Bin dereplication

Bin dereplication using DAS_Tool - Creating input tables

As we discussed in the previous exercise, we have now generated two sets of bins from the same single assembly. With this mock data set we can see that MetaBAT recovered 12 bins, while MaxBin recovered 10. Note that we are aiming to recover prokaryote genomes using these binning tools (we will use other tools to investigate viral genomes in later exercises), and 10 bacterial and archaeal genomes were used in the creation of this mock community. If our mock community only contained these 10 prokaryote genomes and omitted the viral genomes, we shouldn't expect to see more than 10 bins total. In our case here, these tools have likely recovered 10 bins of the same genomes. The additional two bins identified by MetaBAT may be the result of noise introduced into the binning process by the viral contigs included in the data. Furthermore, it is not clear which tool has done a better job of recruiting contigs to each bin - we very rarely expect to see the complete genome recovered from these kinds of data, so while it is probably the case that while an equivalent bin is present in the MetaBAT and MaxBin outputs, they will likely be of differing quality.

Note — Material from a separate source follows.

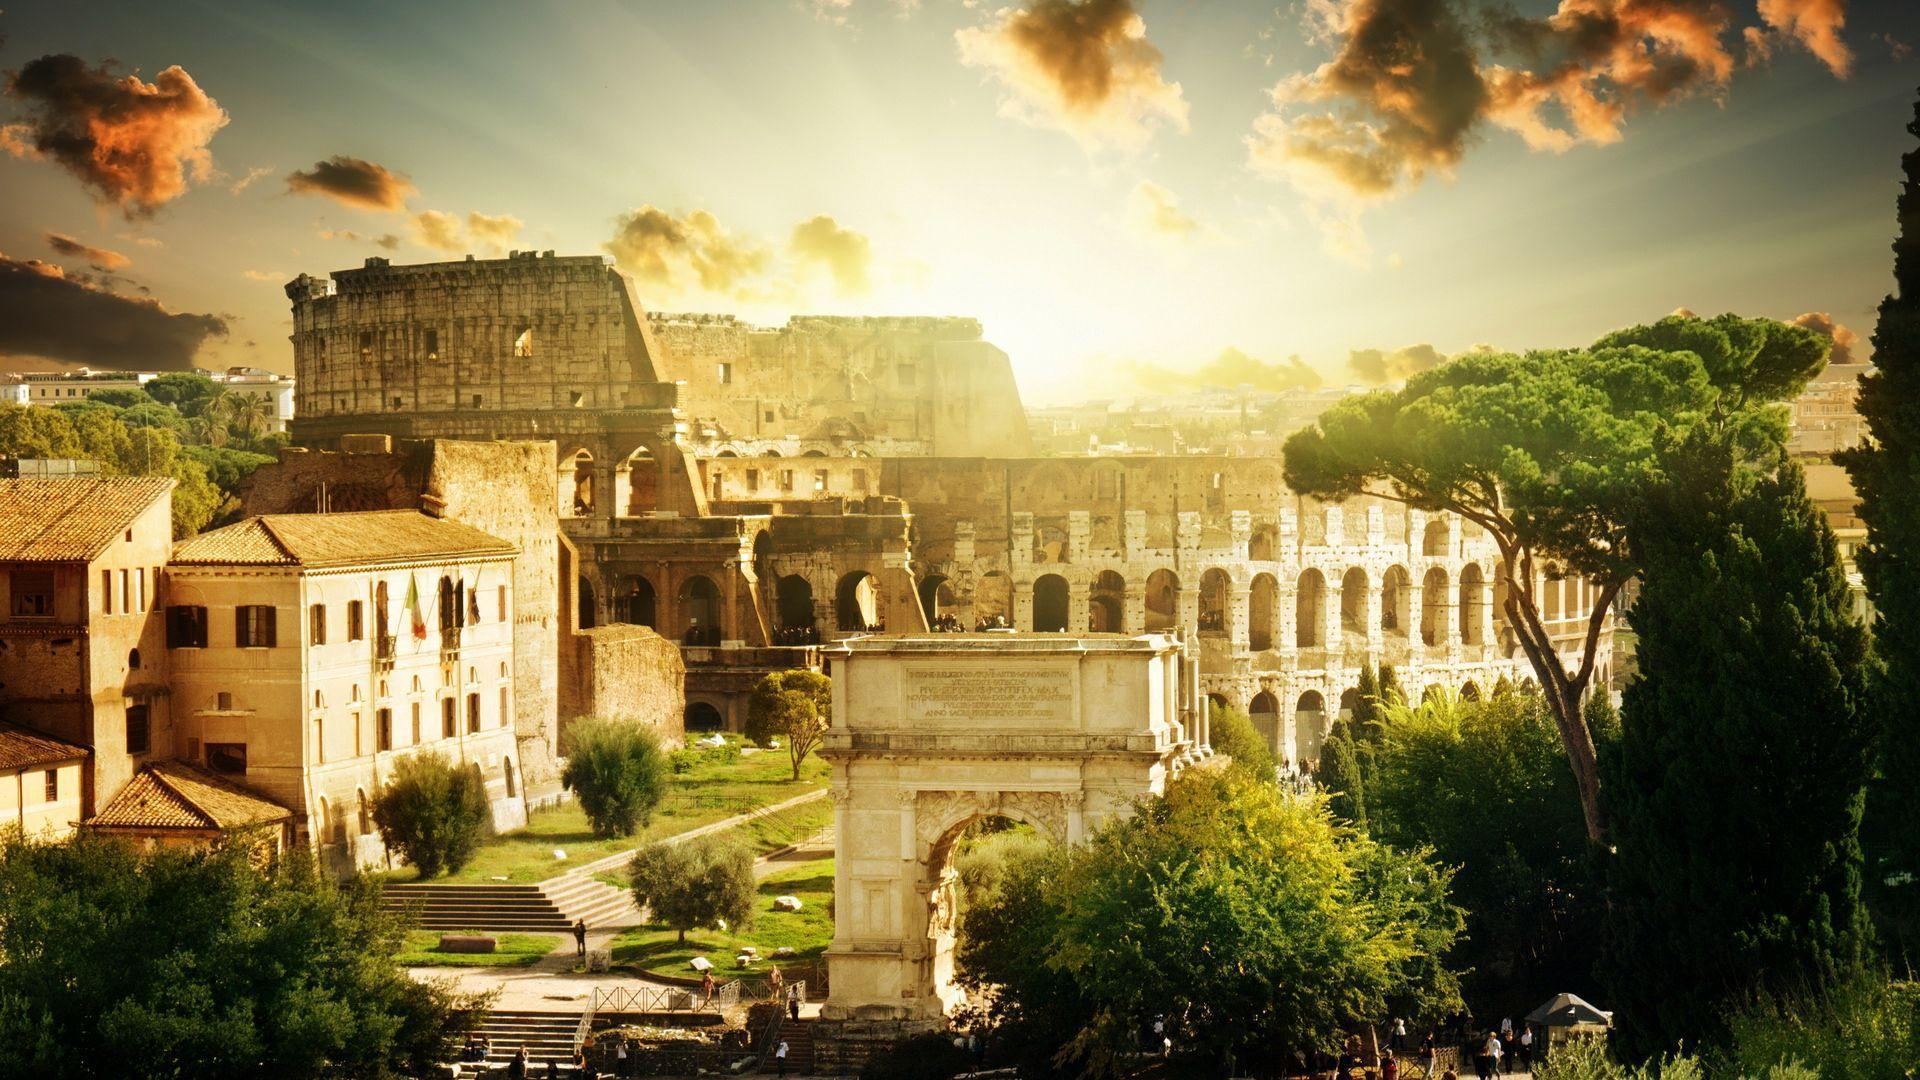 Roma wallpaper | 1920x1080 | 209220 | WallpaperUP
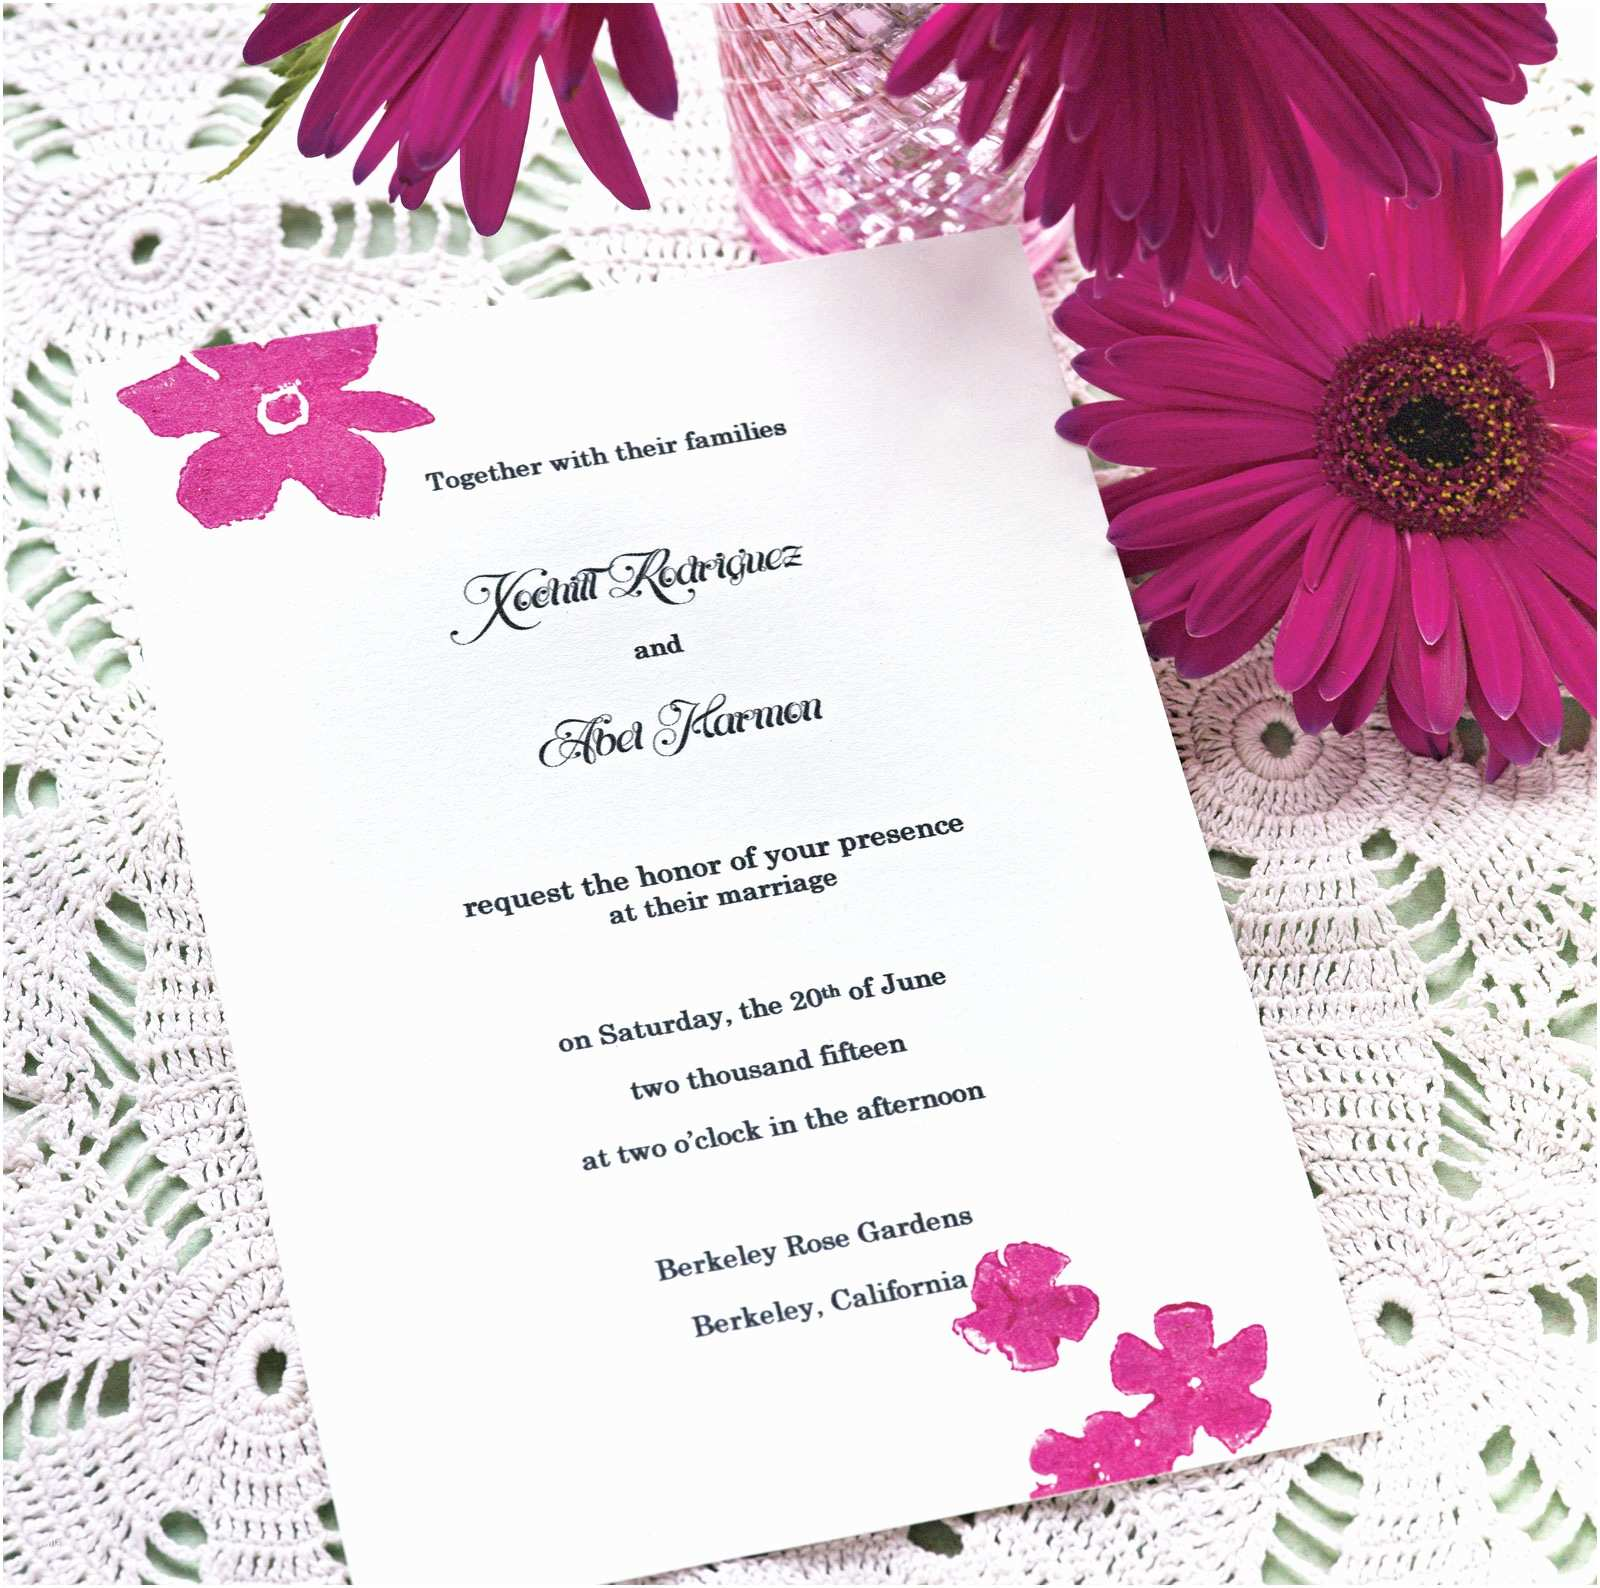 Wedding Invitation Content Simple Wedding Invitation Card Design

DAS_Tool is a program designed to analyse the bins in each of our binning sets and determine where these equivalent pairs (or triplets if we use three binners) exist and return the 'best' one. DAS_Tool does not use the actual bins, but a set of text files that link contigs to their corresponding bins in each of the bin sets. We can produce these files using bash.

For this exercise, we will continue working in the 5.binning/ directory.

Create contig/bin tables - MetaBAT

For each of our binning tools, we need to extract the contigs assigned to each bin and create a single file that reports these as


This can be done with a bit of bash scripting. There's quite a bit going on here, so we'll provide the full command, and then a step-by-step explanation of what's happening.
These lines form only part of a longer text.